Well, we're back to our usual existence--kids at daycare, parents at work--and so far the transition back has been OK. I'll admit that I pretty much reached my limit on togetherness by Sunday afternoon. There were a lot of things that made Sunday tough, including a scheduling glitch that caused me to miss an event I had been looking forward to--a party to celebrate the 3rd birthday and remission from leukemia for my friend's son. I was so upset about that, for many reasons, and it sort of took the wind out of my sails for the rest of the day. To the point that when we got home from our weekend in Buffalo I went into my bedroom, closed the door, and stayed there for a couple hours until I had the composure to function. Of course, Jacob still tried my patience every chance he got, and Carter is such a handful that it takes a lot of energy and patience to keep him out of trouble, and by last night I was definitely lacking in that department. Being with both of them all week definitely took a toll on both of us. I know that sounds terrible, but it's true. Being on duty 24/7 can be very challenging. With Jacob everything is a battle, and with Carter, you're always having to be aware. That much time together means that there are many more instances in an uninterrupted span of time where you have to do the disciplining. Normally they get some disciplining from teachers at daycare/school for part of the day, and us at home for part of the day.

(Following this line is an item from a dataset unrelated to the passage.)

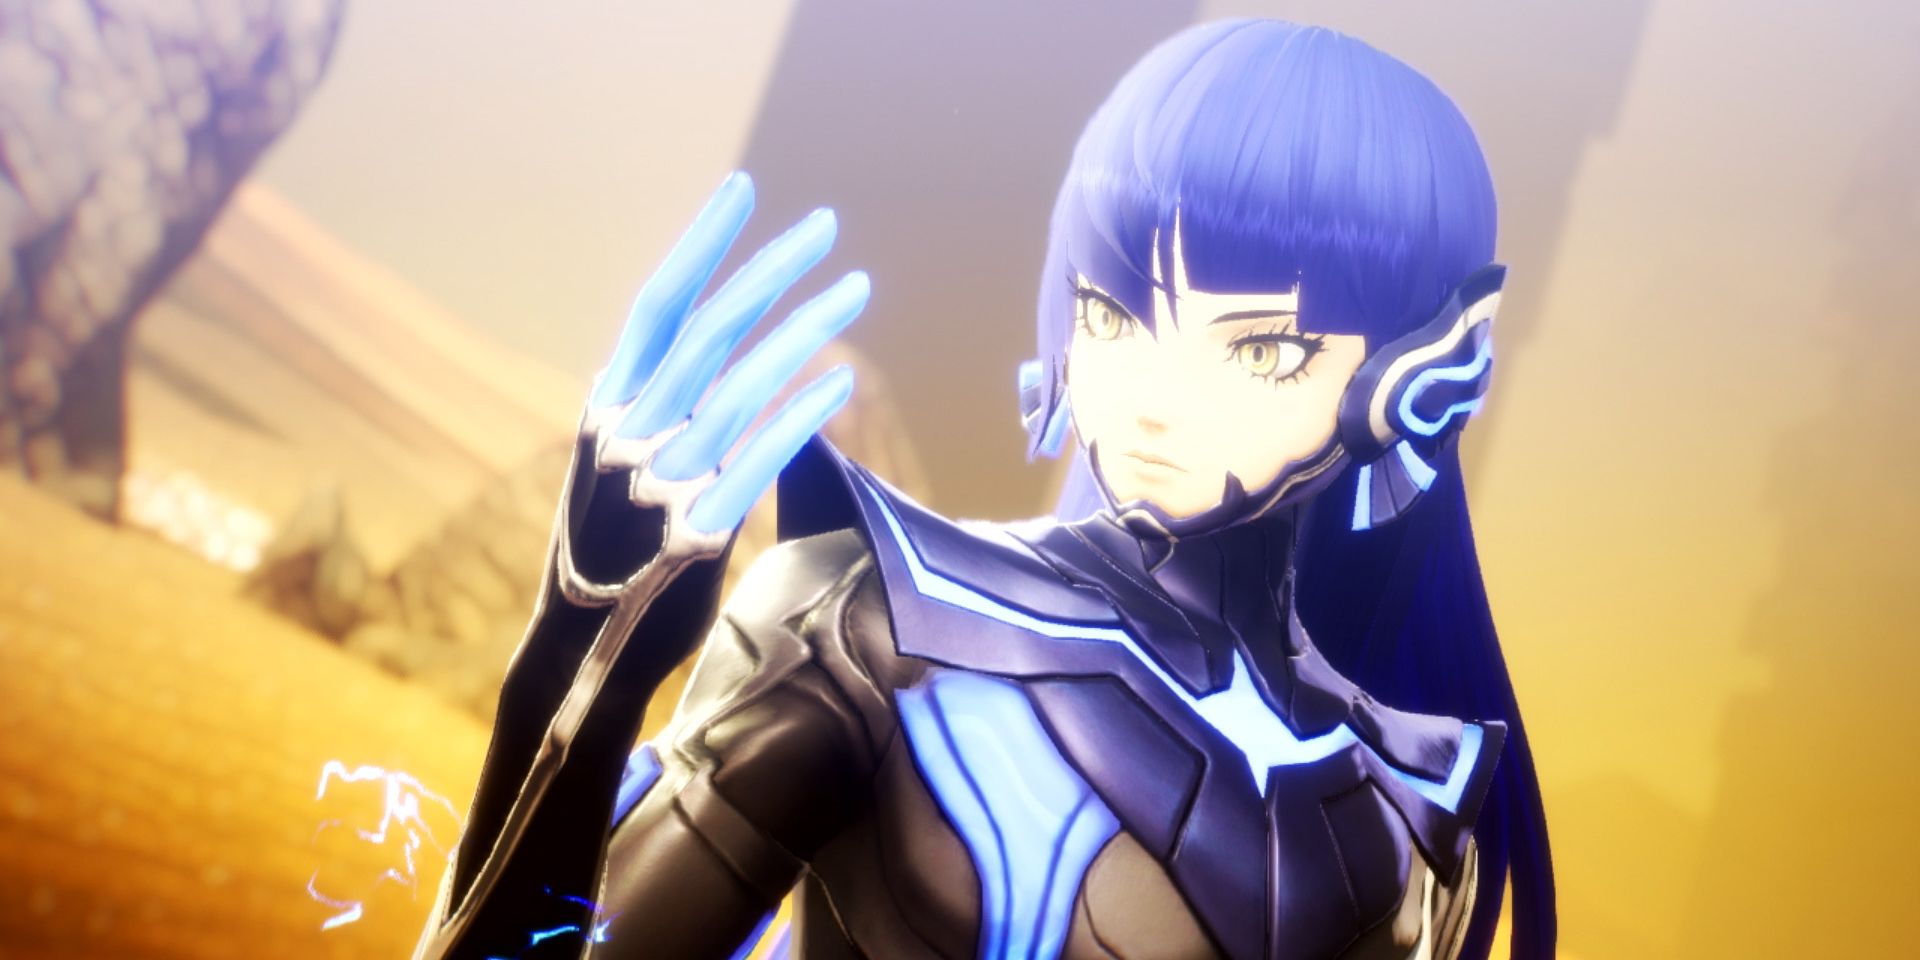 Demifiend looks at her hand in a screenshot from Shin Megami Tensei V

But without that change of scenery, it's all us, all the time, and that's not really fun for anyone...they don't want to get it, and we get sick of dishing it out. When we're all having a good time together, the time together great...but when we're not, it's that much worse because we don't get a break.
Jacob had his good moments during the week--a very good first day on our trip, lots of time spent playing Legos by himself without being asked--but spending the week with him really brought to light a lot of his challenges right now. It reminded me that we still have major battles ahead of us, particularly as first grade looms. His attention span is zero. You can tell him to put on his shoes or change his shorts 10 times in a row and he still won't be able to focus long enough to do it. He says a blatant "no", or worse, makes some sort of smart remark when even the simplest direction is given to him. Bedtime has been painful. I have no idea where that awful disrespect came from. We certainly have never let it pass here, so why he keeps it up, we have no idea. He rambles endlessly and usually throws out random potty talk at any given moment. Craig and I have likened it to being with someone with Tourette Syndrome. I know that's terrible and someone out there would probably be mad about that statement, but seriously--how many people do you know that just randomly talk about smacking their butt in the middle of a conversation about something totally different? Or accuse people (jokingly, but still) of pooping their pants? Craig did this exaggerated but not entirely inaccurate example of what it's like living with Jacob ("Pee! Poop! Butt!") that had Jacob and me rolling, but I did try to explain to Jacob afterward that he probably shouldn't be laughing because it's sort of making fun of his tendency to say potty words randomly. We figure there's just so much going through his head and he's unable to censor it. We're continuing to see his therapist and may get another opinion from another specialist. It could be a long year.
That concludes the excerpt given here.